In any event, Tales from the New Republic was the end of Star Wars’ relationship with short story anthologies for over a decade. One of the questions most frequently asked of publishing VIPs in the 21st century has been why no more have come out; in truth, there are probably a few answers.

The driving reason, though, was that the novel license moved from Bantam to Del Rey shortly after New Republic (the RPG license likewise moved to Wizards of the Coast, but semi-regular short stories kept coming, now often prequel-related, in the magazines Gamer and Insider). When asked, Del Rey would always explain that the economics didn’t work—even with already-written material, there wasn’t enough of a market for short stories, in their judgment, to justify the publishing costs. Whether this reflected higher publishing costs for Del Rey compared to Bantam or just higher sales expectations was never made clear. Truthfully, Del Rey did have a lot on their plate in those days, between the ongoing Prequel Trilogy and their four-year, nineteen-book New Jedi Order series.

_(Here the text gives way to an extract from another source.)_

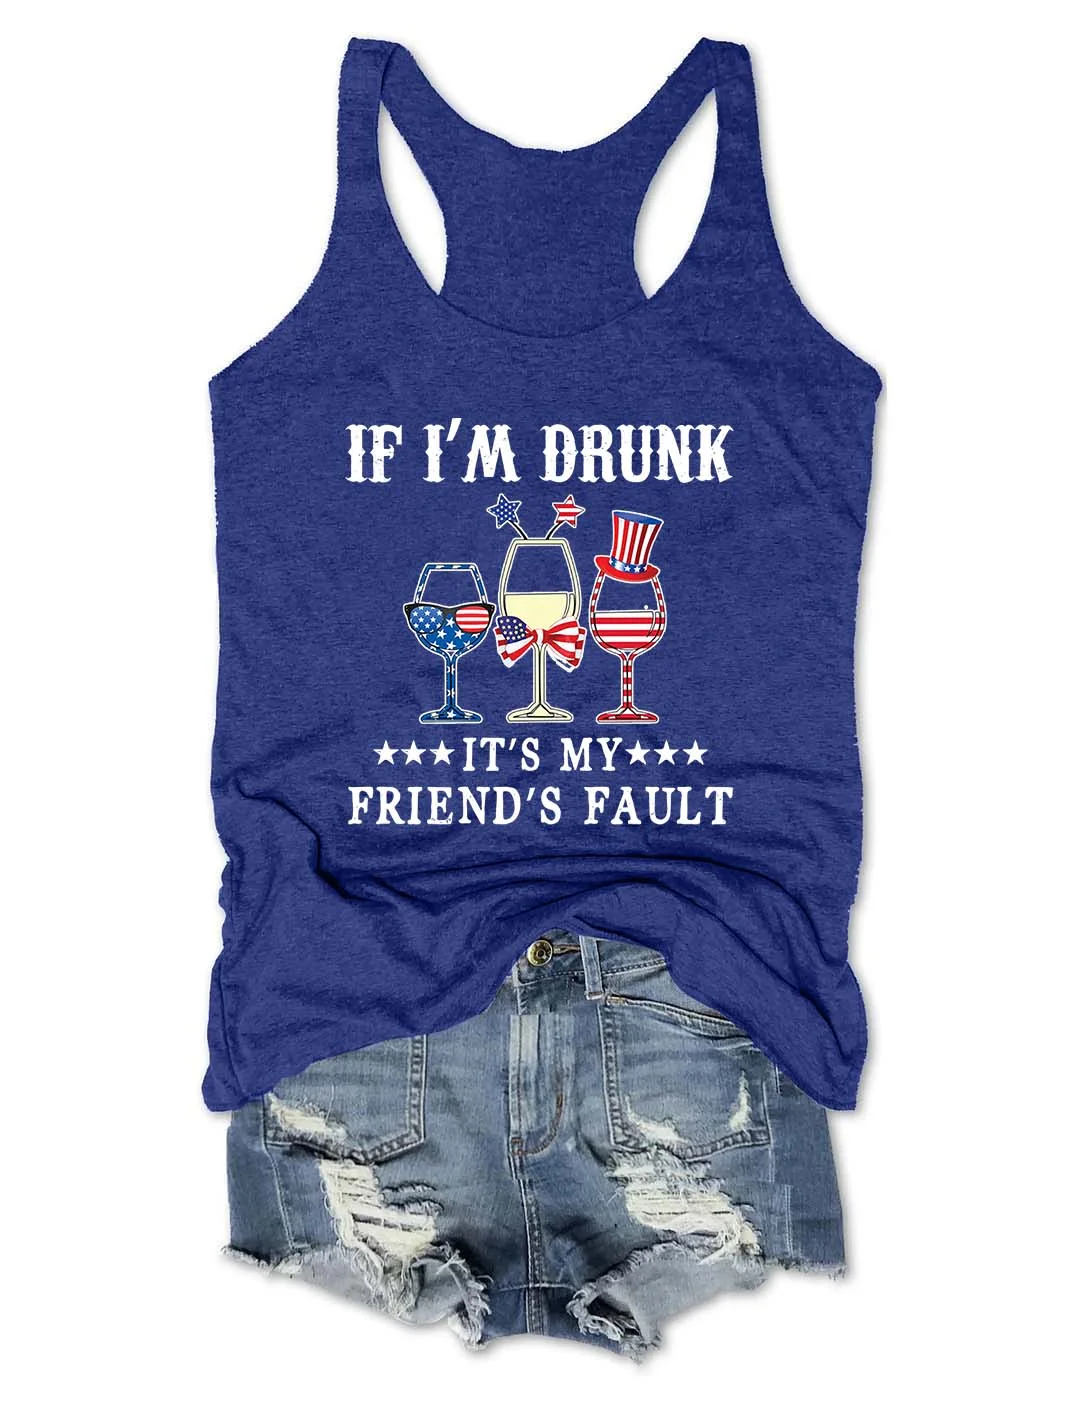 If I'm Drunk It's My Friend's Fault Tank

Which brings us to today—ten years out from the end of the NJO, two years prior to the release of Episode VII, and currently…two books on the horizon. While it’s understood that there’s much more in development that hasn’t been made public yet, if you’re only going by what is public, all we’ve got to look forward to are Darth Maul: Lockdown in January and Empire and Rebellion: Honor Among Thieves (the Han Solo-centric novel with the spectacular abbreviation SWEARHAT) in March.

Recently, of course, they did break their anthology rule with Lost Tribe of the Sith, a series of short stories (culminating in a 100-plus-word novella) written entirely by John Jackson Miller telling the backstory of the antagonists of Del Rey’s serious-business Fate of the Jedi series. The first eight stories were released online for free over three years, before being collected in “trade paperback” format, which is larger than mass-market paperback yet somehow apparently cheaper. It was an experiment on their part, to be sure, and if the fan response (and/or Amazon reviews) were any indication, it was a successful one. Meanwhile, if there was one question I heard people ask Del Rey in those early days more often than “when are you doing more anthologies?”, it was “when are you doing more X-Wing books?” And sure enough, last year we got Aaron Allston’s Mercy Kill.

This era of Star Wars publishing from Del Rey has been all over the place, to be sure, but part of that quality is due to an admirable willingness to experiment. And at the same time that they’ve become more and more willing to tap unknown vectors for potential profit, we’ve quietly entered the dawn of the eBook era; a time when publishing costs are quite literally immaterial, and where you can buy the entire classic X-Wing series in one fell swoop if you’ve got fifty bucks lying around. Even Bantam’s anthologies can now be purchased digitally, in wanton disregard of god-knows-how-many hard copies still floating around out there. So with thirty-seven “new” short stories already extant from old issues of Insider, thirteen from Gamer, several from Starwars.com’s old Hyperspace feature, and even a few lingering gems from the Adventure Journal—I’m looking at you, Mist Encounter—what on Earth is stopping them from at least trying some new eBook anthologies? Do three or four different batches, and if one seems especially popular, maybe a trade paperback printing a la Lost Tribe? And if that sells well, maybe even go crazy and milk some new material out of Del Rey’s own favorite eras, before the sequels render them irrelevant, if not utterly apocryphal? Surely someone out there would want Tales from the New Jedi Order, or Tales from the Old Republic? I may not be a publishing expert, but I can’t begin to imagine how something like Lost Tribe could’ve been more cost-effective than those would be.

For a dog’s age, those two fan questions—short stories and X-Wing books—were like holy grails for EU fans—always hoped for; always expected, even, in spite of all the common wisdom, but never guaranteed. Not unlike the Sequel Trilogy, actually. Two out of three ain’t bad, but why stop there?